Bir insan hiç gitmediği yerde nasıl olabilirdi ki? Dahası istediği ülke ve şehirde bir program yardımıyla oradaymış gibi nasıl gösterilebilirdi? O zamanın şartlarında bunu anlamak veya algılamak bile güçtü. Artık photoshop gibi resim düzenleme programlarıyla çok amatör kullanıcılar bile bir resim karesinde kendisini istediği yere yerleştirebiliyor veya istediği yerde gösterebiliyor. İstediğine dost, istediğine düşman olabiliyor.

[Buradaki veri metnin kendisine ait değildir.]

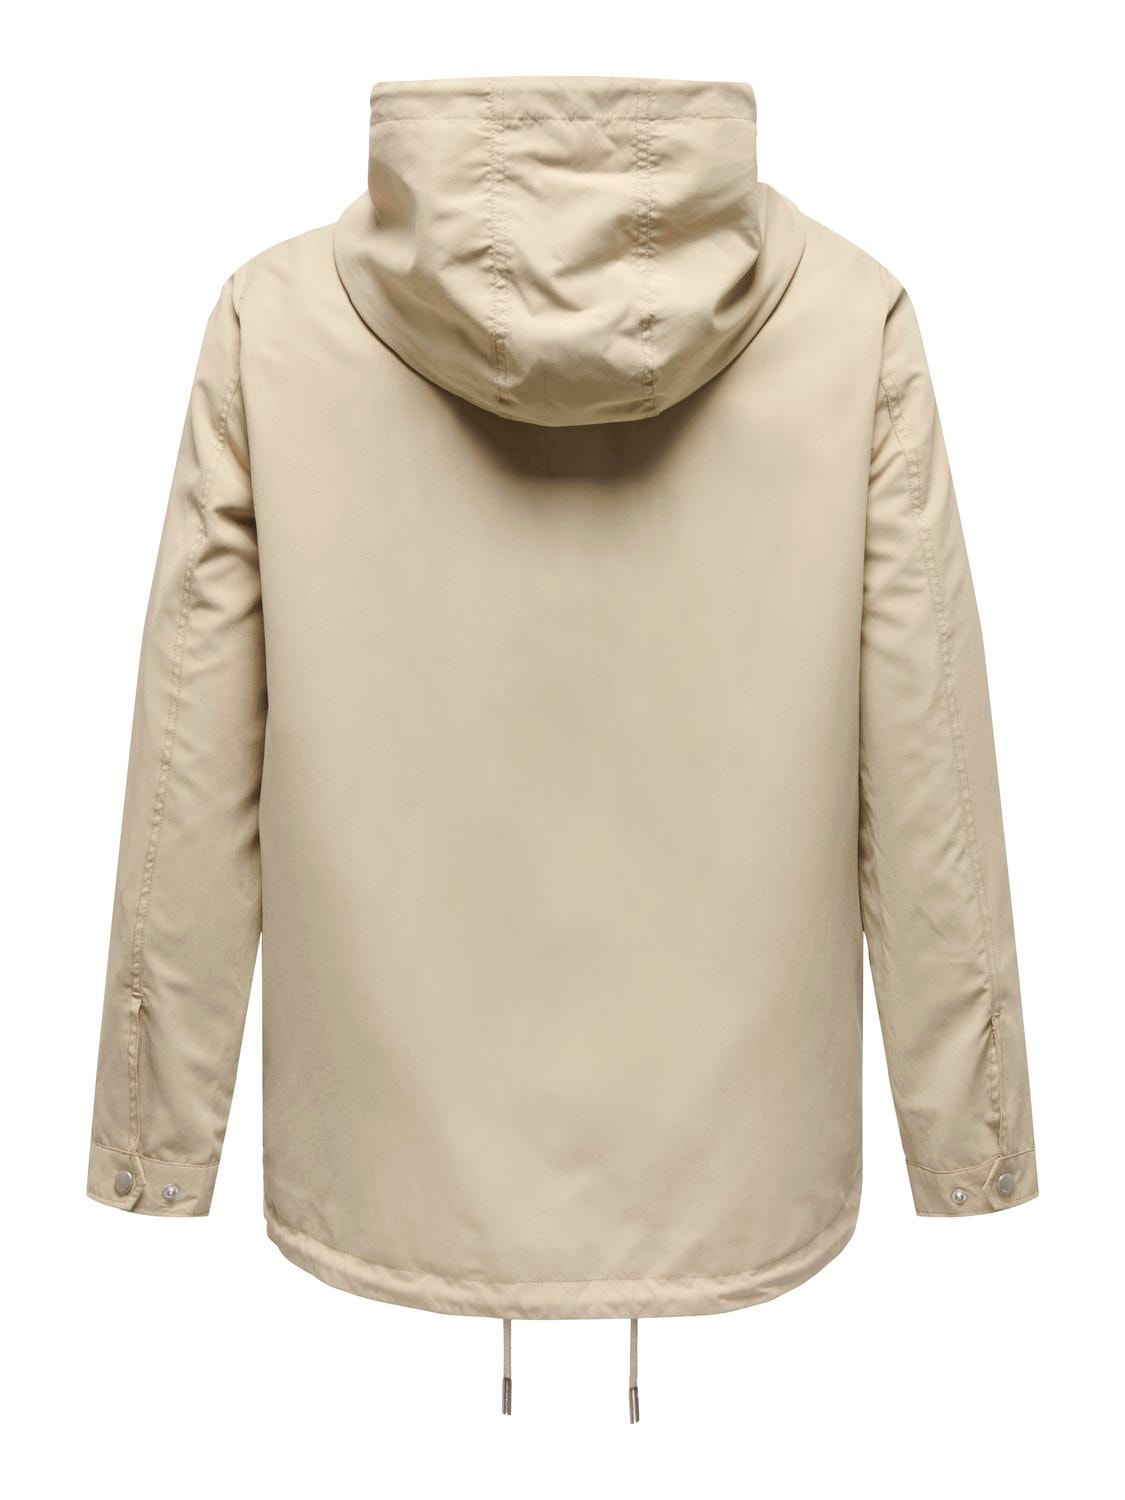 ONLY Hood Curve Jacket -White Pepper - 15311588
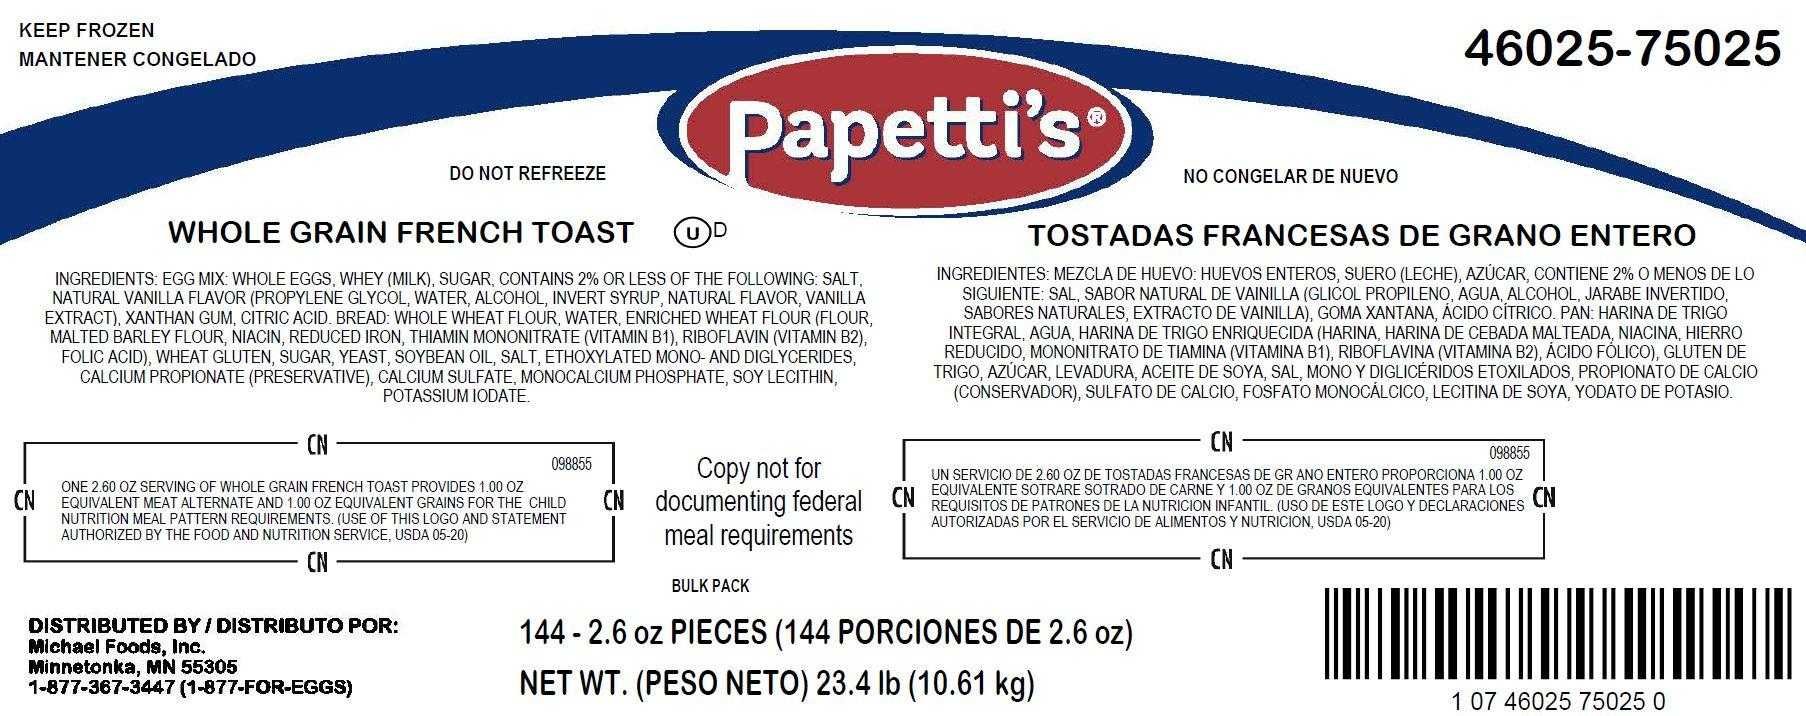 Papetti’s® Fully-Cooked Whole Grain French Toast, CN, 144/2.6 oz CN Labeled PDF

Bu işi profesyonel düzeyde yapan kullanıcıların çıkardığı ve ortaya koyduğu işe baktığınızda, bu işin bir düzenleme olduğunu anlamak için, özel bir ekip tarafından özel olarak inceleme gerektiriyor ki, bazen yine de o resmin bir hile ile düzenlenmiş resim olduğunu anlamak veya ispat etmek mümkün olmuyor.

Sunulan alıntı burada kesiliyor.